* _Source data_:
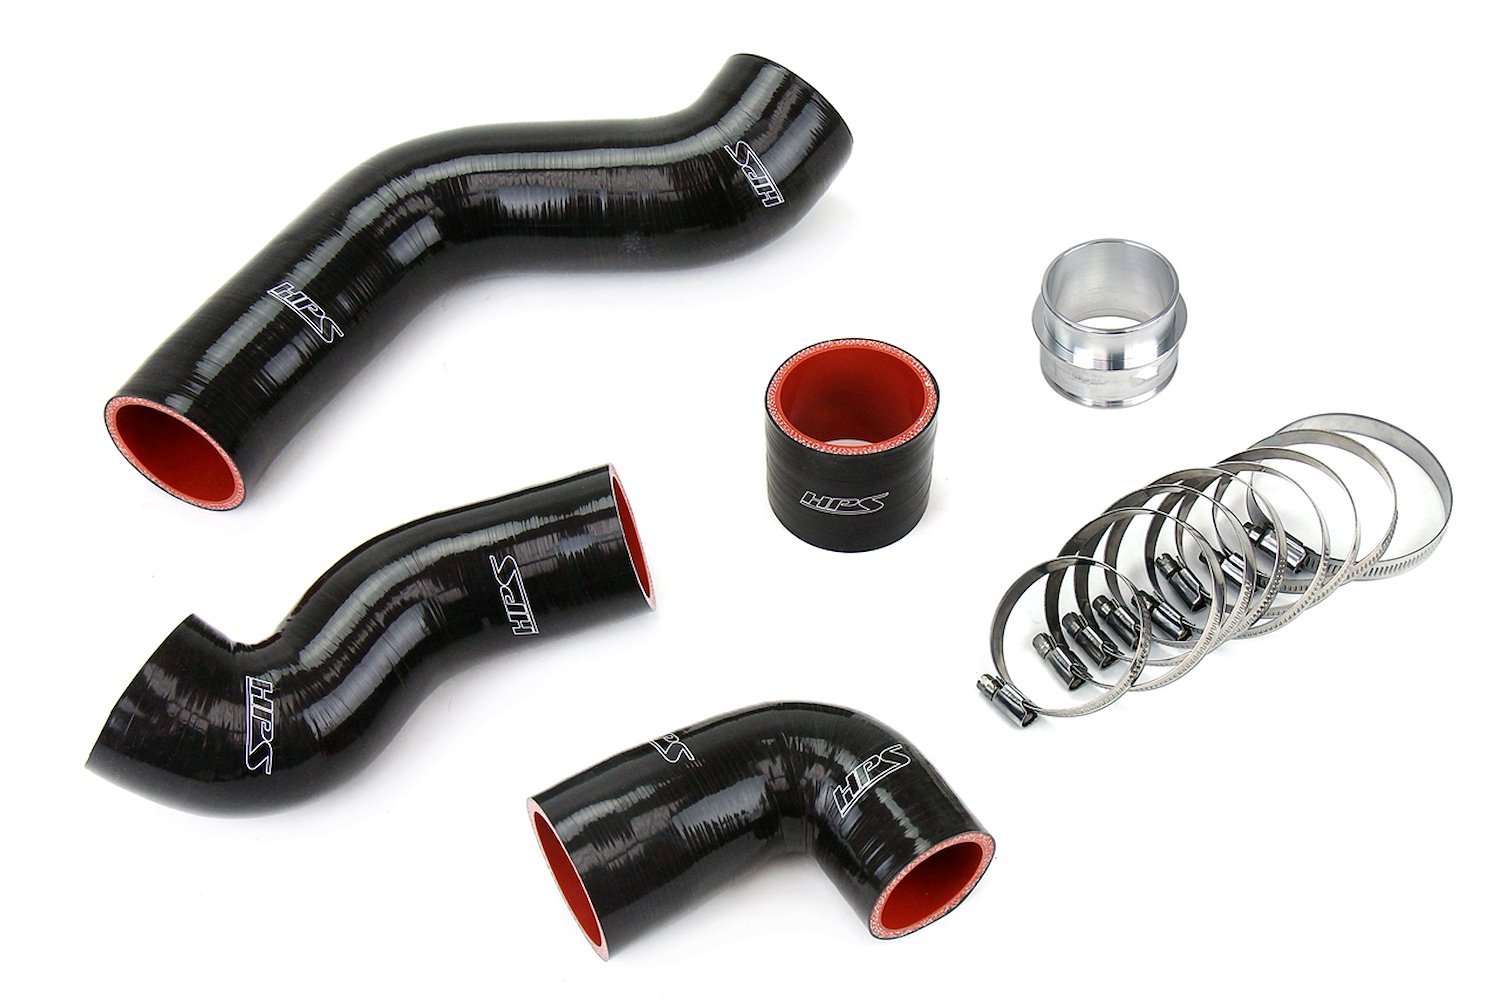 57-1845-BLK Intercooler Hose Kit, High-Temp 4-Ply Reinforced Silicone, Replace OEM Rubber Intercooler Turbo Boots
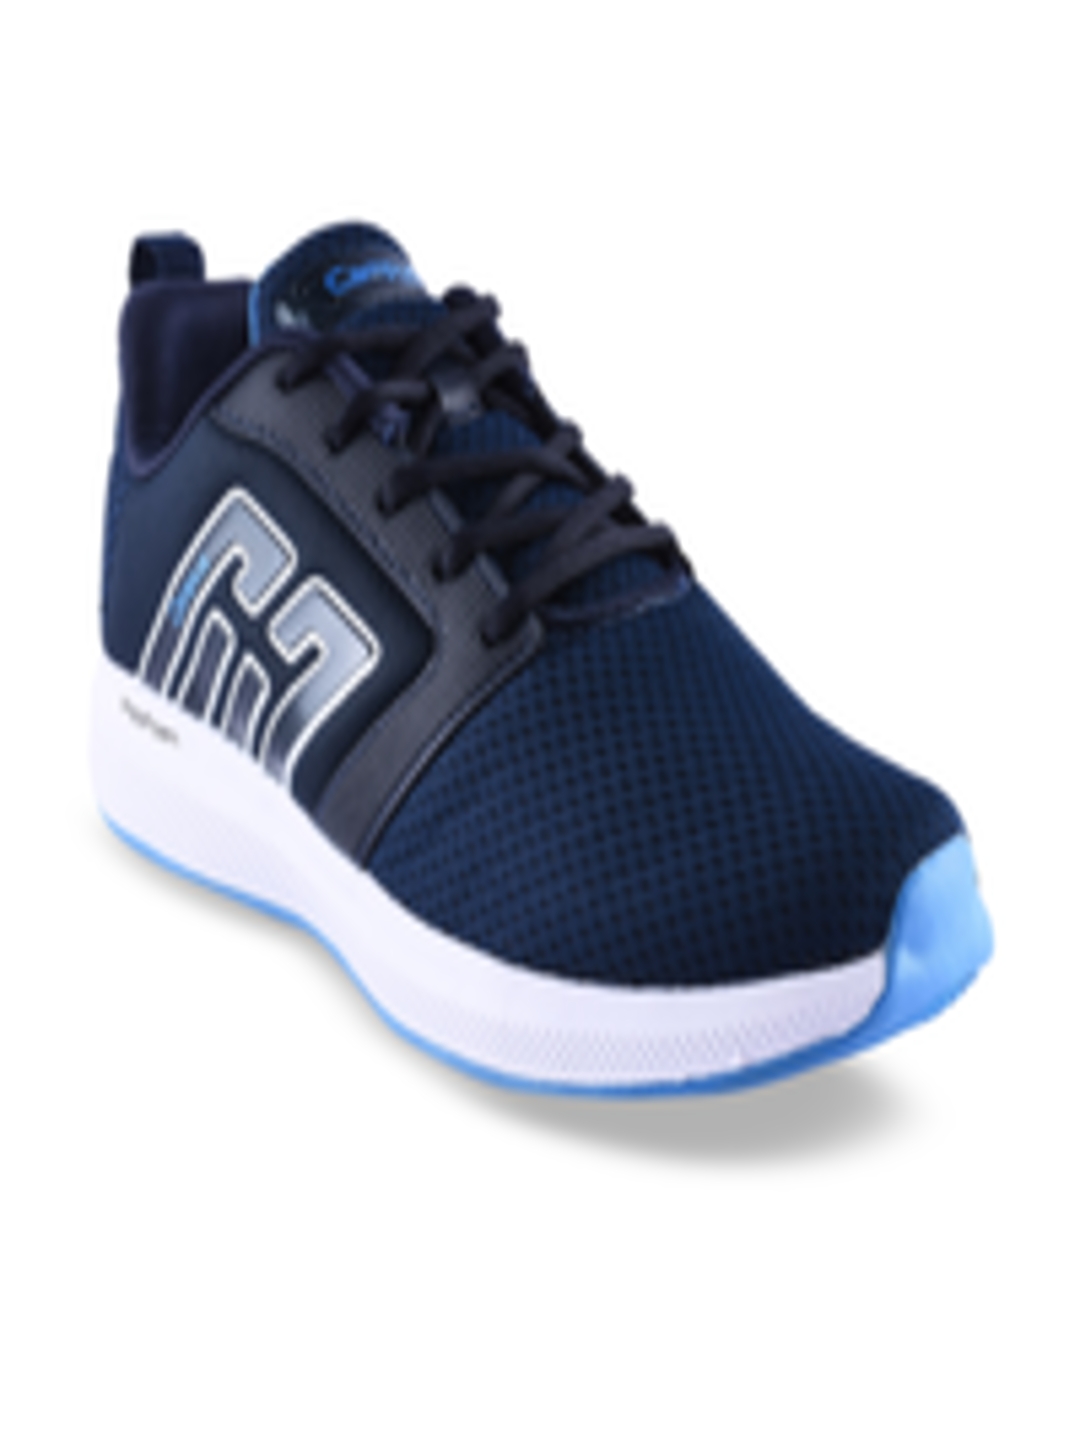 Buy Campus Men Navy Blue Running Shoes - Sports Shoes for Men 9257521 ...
* * *
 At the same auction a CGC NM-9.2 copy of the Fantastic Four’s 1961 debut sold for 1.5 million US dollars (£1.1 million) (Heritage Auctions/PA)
---
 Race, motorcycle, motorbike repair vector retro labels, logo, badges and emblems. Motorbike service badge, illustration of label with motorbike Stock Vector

* _Task to complete_:
What are the lines above from the one with "57-1845-BLK Intercooler Hose" to the one with "Buy Campus Men", both included? Reproduce them exactly, without pictures.

* _Answer section_:
 57-1845-BLK Intercooler Hose Kit, High-Temp 4-Ply Reinforced Silicone, Replace OEM Rubber Intercooler Turbo Boots
 Buy Campus Men Navy Blue Running Shoes - Sports Shoes for Men 9257521 ...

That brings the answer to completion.